États-Unis: Près de 8 000 troupes coréennes bordent l'Ukraine

Les États-Unis ont déclaré le 31 octobre qu'ils avaient des informations selon lesquelles près de 8 000 soldats nord-coréens se trouvaient maintenant dans la région russe de Kursk, près de la frontière ukrainienne, et la Russie “synon” pour les déloger sur le champ de bataille contre les forces ukrainiennes. Antony Blinken, secrétaire d'État américain, a déclaré que les États-Unis s'attendent à ce que des troupes soient envoyées [...]
Le secrétaire d'État américain Antony Blinken a déclaré que les États-Unis s'attendaient à ce que des troupes soient envoyées sur la ligne de front dans les prochains jours. Il a réaffirmé qu'ils deviendraient des militaires légaux “ccaces” s'ils étaient déployés.
L'examen était en tête de l'ordre du jour alors que Blinken et le secrétaire américain à la Défense Lloyd Austin ont rencontré le ministre sud-coréen des Affaires étrangères Cho Tae-yul et le secrétaire de la Défense Kim Jong-hyun.
La Russie a géré des troupes nord-coréennes pour l'utilisation de l'artillerie, des drones et pour des opérations d'infanterie de base, “suggérant qu'elle vise à utiliser ces forces dans les opérations de première ligne”, a déclaré Blinken.
L'une des raisons pour lesquelles la Russie utilise des troupes nord-coréennes est qu'elle est désespérée.
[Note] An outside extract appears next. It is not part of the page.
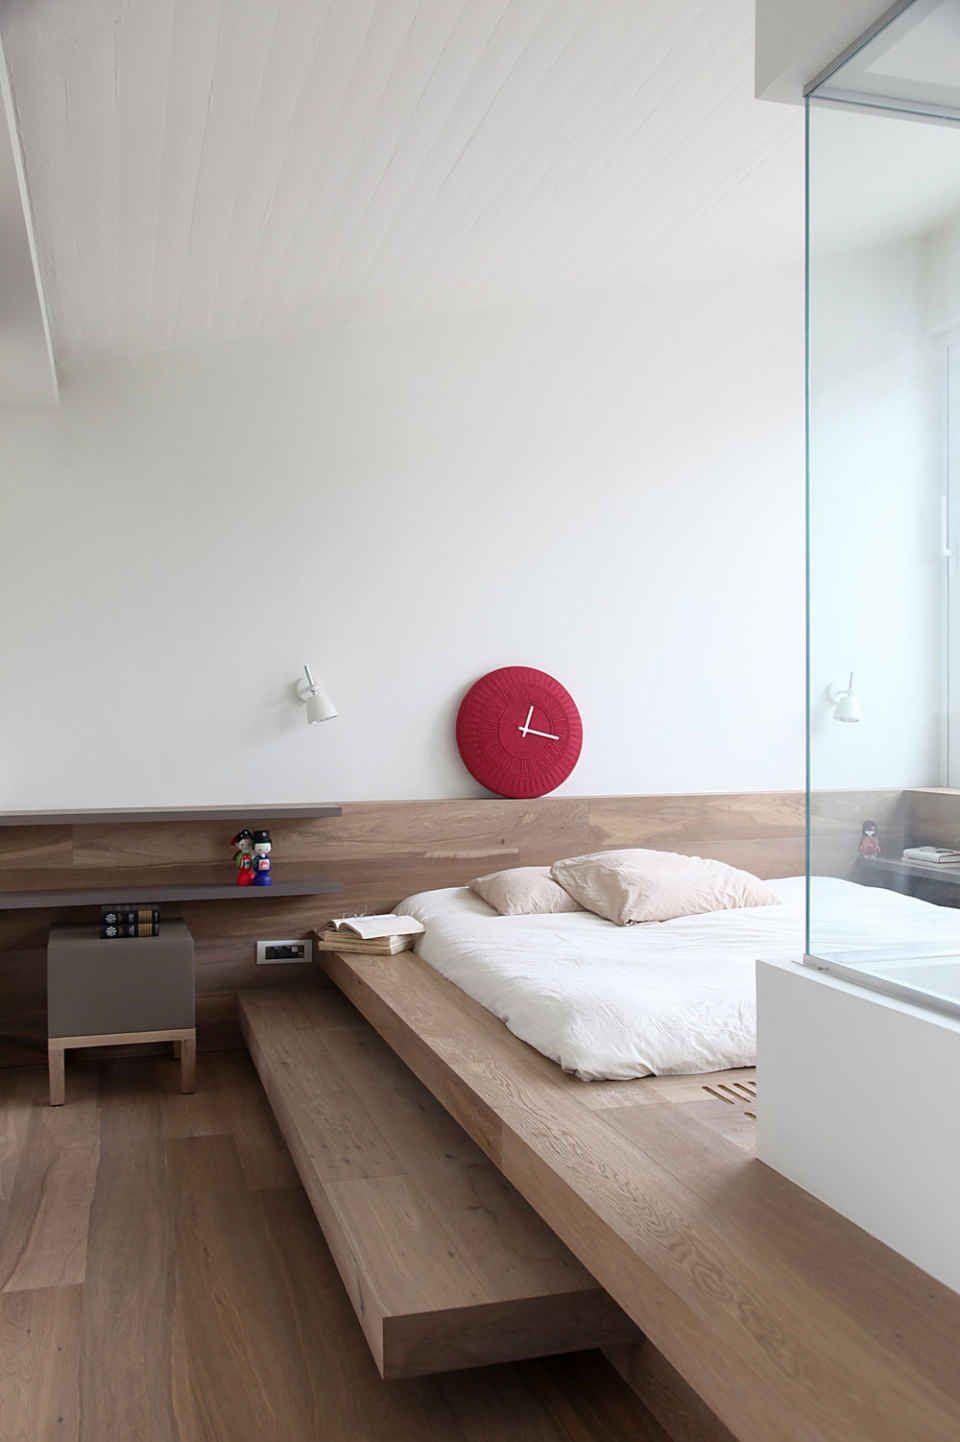 Modern Japanese Bedroom : modern, japanese, bedroom, Minimalistic, Penthouse, Japanese, Styling, Modern, Bedroom, Interior,, Minimalist, Design,, Style

Poutine envoie de plus en plus de Russes à la guerre meurtrière en Ukraine”, a déclaré M. Blinken.
Blinken dit que Poutine tourne les yeux vers les troupes nord-coréennes “et c'est le signal clair de faiblesse”.
Il a ajouté que la Russie souffre environ 1 200 victimes par jour à l'est de l'Ukraine, plus depuis le début de la guerre en 2022.
Austin a appelé la dislocation des troupes nord-coréennes et l'essai d'un missile balistique intercstinctique de gynian plus tôt au 31 octobre comme <x0).
Plus tôt dans la journée, la Corée du Nord a déclaré avoir testé l'un de ses missiles les plus récents et les plus puissants pour renforcer sa prévention nucléaire.
À la suite de ce test, les États-Unis, la Corée du Sud et le Japon ont publié une déclaration commune condamnant les essais et déclarant qu'ils présentent une violation “de l'ensemble des résolutions du Conseil de sécurité de l'ONU.